Tips for Debugging Machine Learning & Deep Learning

This article covers some tips and tricks to debug issues in Machine Learning and Deep Learning. We will discuss common errors seen during training and hyper parameter tuning and some potential reasons caused the issues.

Best Practice

  • Always test out the architecture by running it for 1–2 epochs first before training it for real
  • Use model.summery() in Tensorflow or print(model) in Pytorch to view the model architecture. This is especially useful in CNN
  • Try the model architecture on a known dataset first
  • Writing unit test and test functions along the way will minimize code logic errors
  • These unit tests can be re-used. That’s really important
  • Stanford’s CNN course talked multiple times about testing networks by using known distribution to initialize weights and parameters. It makes the initial result predictable. This way we can spot architecture issue early.

Dimension Error

Ultimately machine learning and deep learning uses a lot of linear algebra — matrices and matrix multiplications. Dimension errors can occur. Most modern libraries for ML and DL will point out the mismatched shape. Use shape (num_1, num_2) (num_3, num_4) for example, while in matrix multiplication it is important to match 2 and 3 in order for the matmul to work out, it is also important to think about where 2 and 3’s actual dimension comes from.

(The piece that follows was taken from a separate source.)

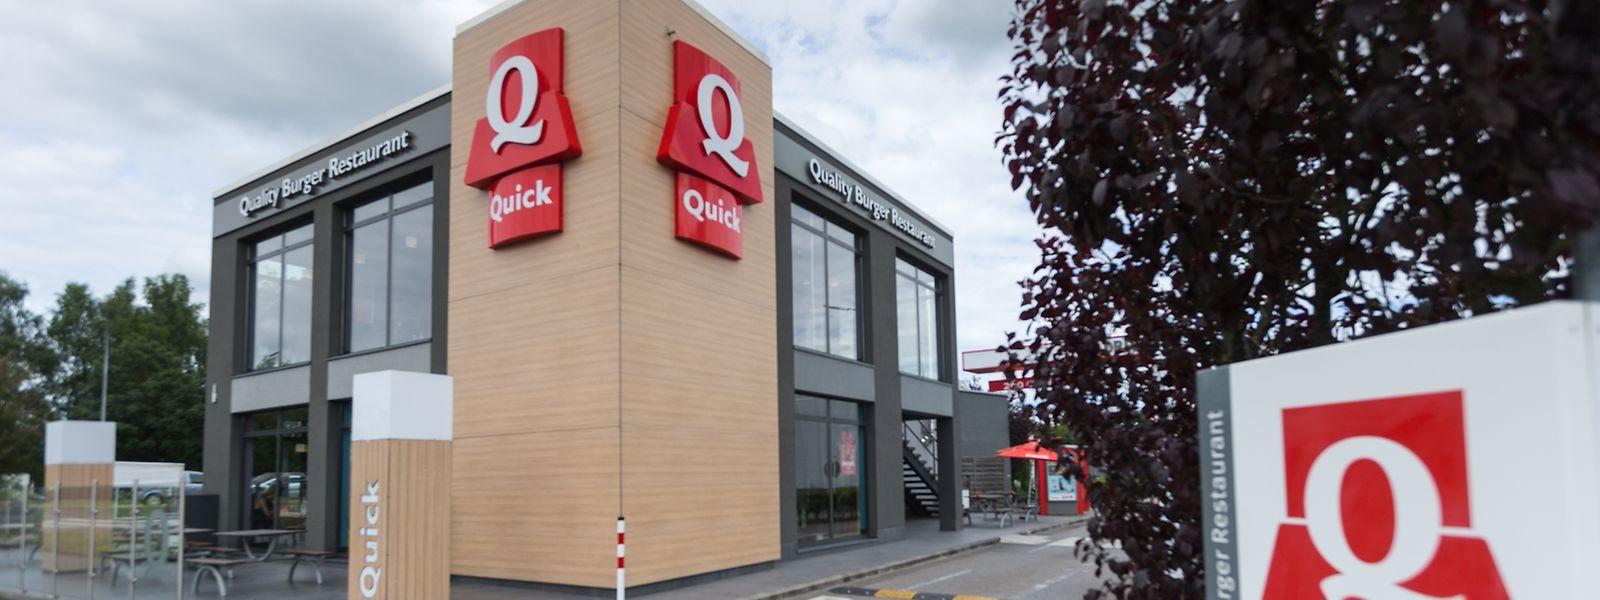 Im Juli hieß es, alle luxemburgischen und belgischen Quick-Filialen sollten sukzessive in Burger King-Filialen umgewandelt werden.

For example in transfer learning: the last layer of vgg16 is 25088. It is important to figure out where that number comes from in the VGG16 architecture. If the in_feature count for the new classifier used in transfer learning to replace the old, then there will be an error.

CUDA model data didn’t move together issue

You are warned of this issue in a pytorch if the tensor types didn’t match. You can use type(variableName) to debug. Usually it says expects cuda tensor but got normal tensor. This is when model and data didn’t move to cuda together (GPU) or didn’t move back to cpu together. The model and data must live in the same place for training to happen.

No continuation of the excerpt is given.